Rat subchondral bone modulus is at least a 1000 times greater than cartilage modulus (Roemhildt, 2012b) supporting the assumption that the subchondral bone is rigid. Differences in the subchondral bone surface relative to bead locations may have been produced by differences in thresholds for segmenting the bony surfaces and this would present as differences in the separation distance with similar effects as differences in cartilage thicknesses. In this study, the rat cartilage was assumed to be of uniform thickness, though cartilage thickness varies regionally across the femur and tibia (Roemhildt, 2012a). Based on the sensitivities to cartilage thickness, a 10% change in thickness corresponds to 5.7–28.3% change in the contact stresses. However, variations in cartilage thicknesses should only have minor effects on the relative changes in contact stresses within an animal. The tibiofemoral contact location varies with flexion angle and limb position and may introduce error in the predicted contact stresses. For the heavier rats, there was little or no contact in the lateral compartment. Based on lateral compartment sensitivities, this may be due to the underestimation of cartilage thickness rom a study with smaller rats. Due to the sensitivity of the contact stresses to articular cartilage moduli and thicknesses, the accuracy of the contact stresses may be enhanced by using animal specific measures of cartilage material properties and thicknesses.

Due to the difficulty in determining the soft tissue geometry of the menisci, they were not included in the discrete element model. In intact joints with intact menisci, omission of menisci in the DEA of contact stresses in tibiofemoral joints showed a decrease in contact areas with only minor changes in the centrally located peak contact stresses across the cartilage-cartilage interface as compared to including the meniscus in DEA (Anderson, 2010)(Supplement 1). This is in contrast to experimental studies of meniscectomy where removal of the meniscus from the joint results in increased contact stresses in cartilage-cartilage contact regions (Pozzi, 2010; Lee, 2006). By omitting the meniscus in the DEA in our study, the contact areas were underestimated and the spatially averaged contact stresses overestimated for the full contact region (cartilage-cartilage and cartilage-meniscus-cartilage contact regions), but remain valid in the cartilage-cartilage contact region. Since peak contact stresses occurred in areas of cartilage-cartilage contact, the absence of the meniscus in the DEA would not affect predicted peak stresses (Supplement 1 Fig. S1A).

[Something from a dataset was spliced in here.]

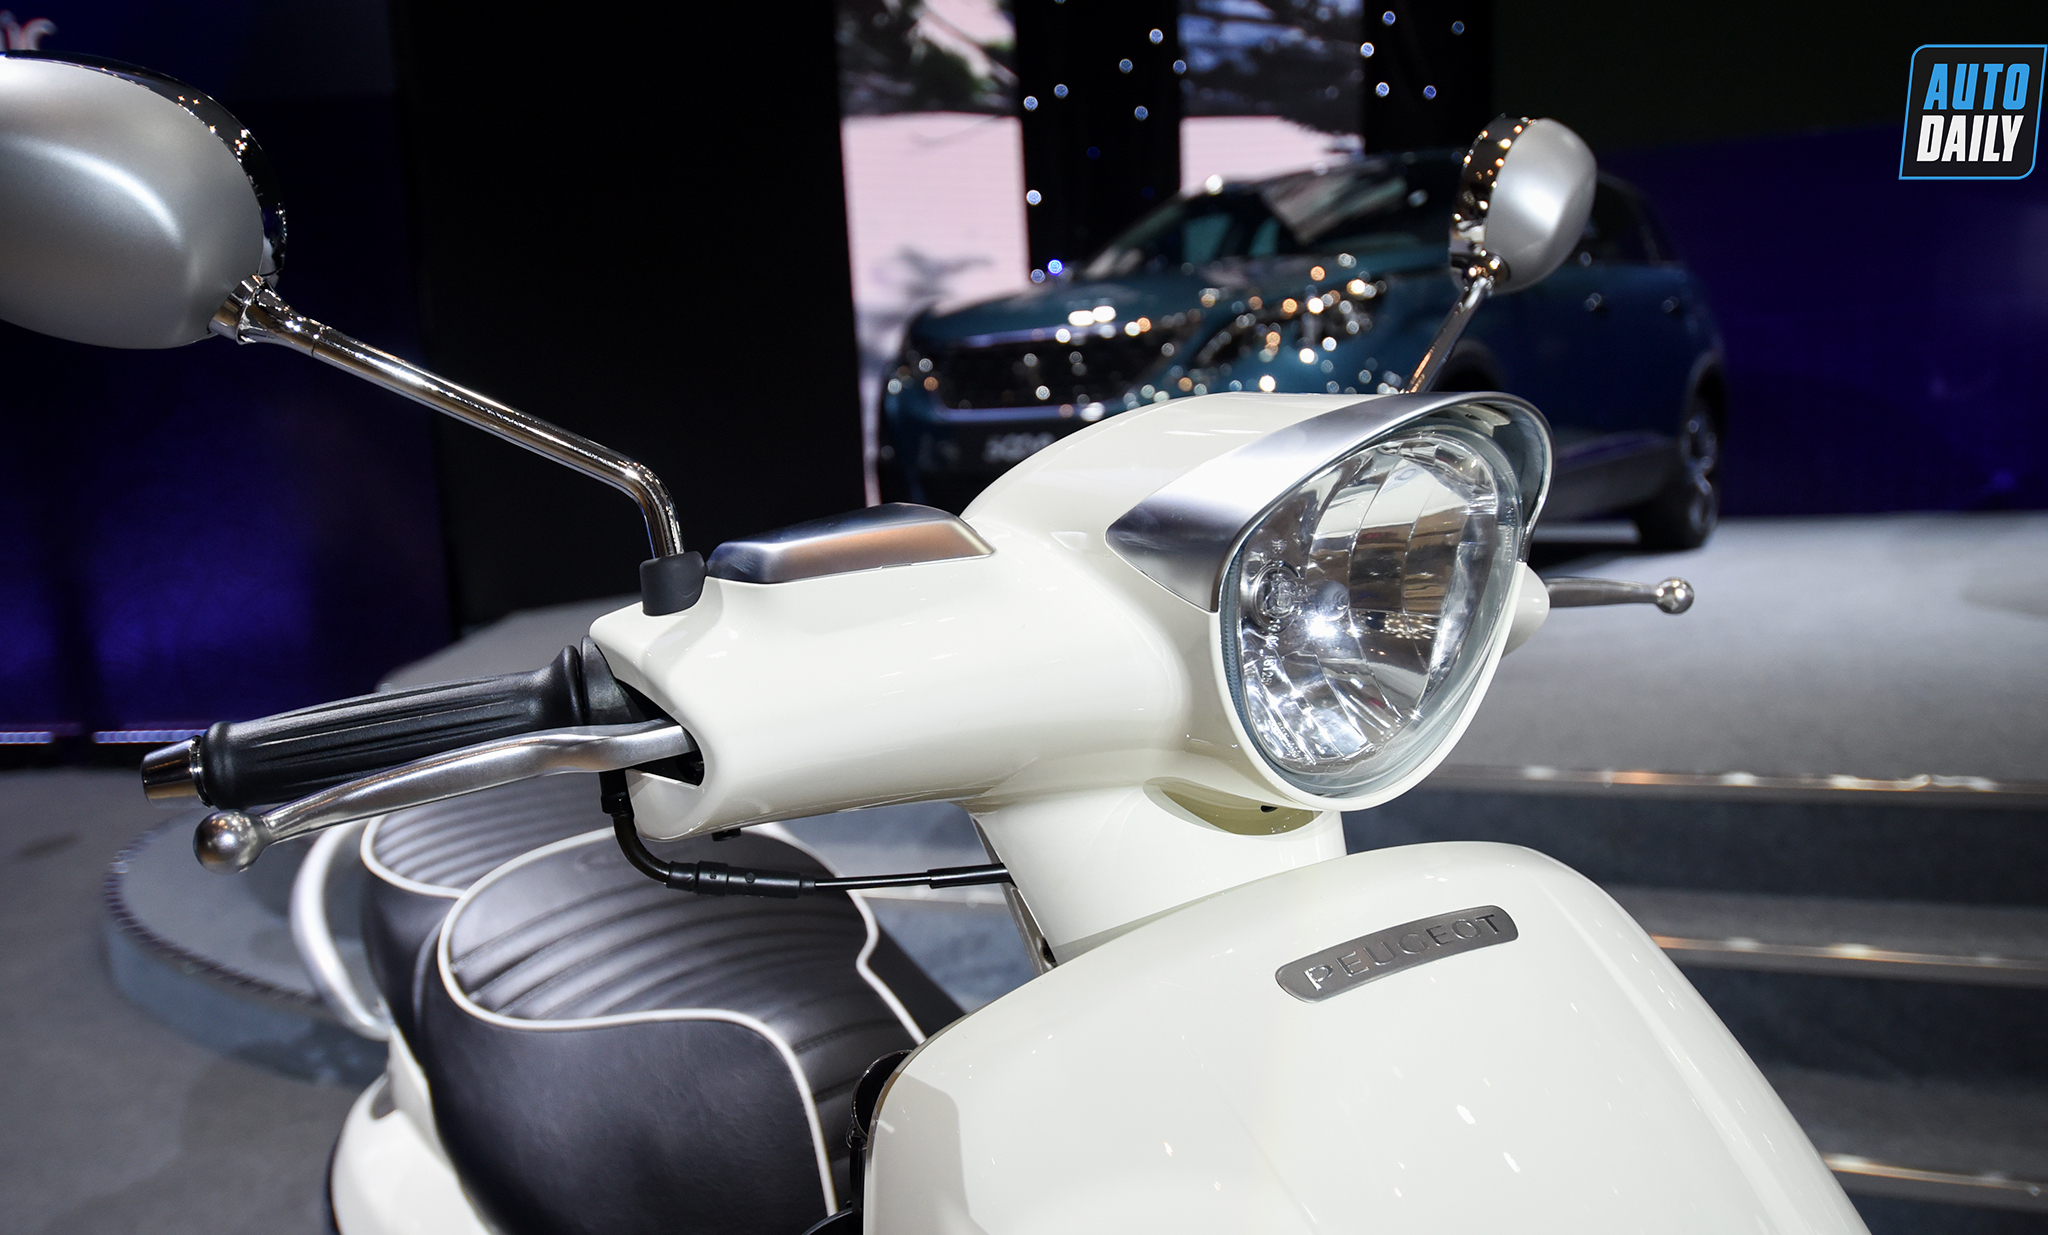 Thaco ra mắt xe máy Peugeot Django 125 giá 68 triệu đồng dsc-8656-copy.jpg

The rat VLD model allows the investigation of varus loadings – a significant risk factor in the development of human primary OA. Increased rat tibiofemoral contact stresses across the cartilage-cartilage interface in the medial compartment produced by increased varus loadings are similar to those leading to degenerative changes in rat and human knees. Determination of contact stresses in rat tibiofemoral joints allow comparison of loading environments in a rat model to those in humans in both normal conditions and during the onset and progression of OA.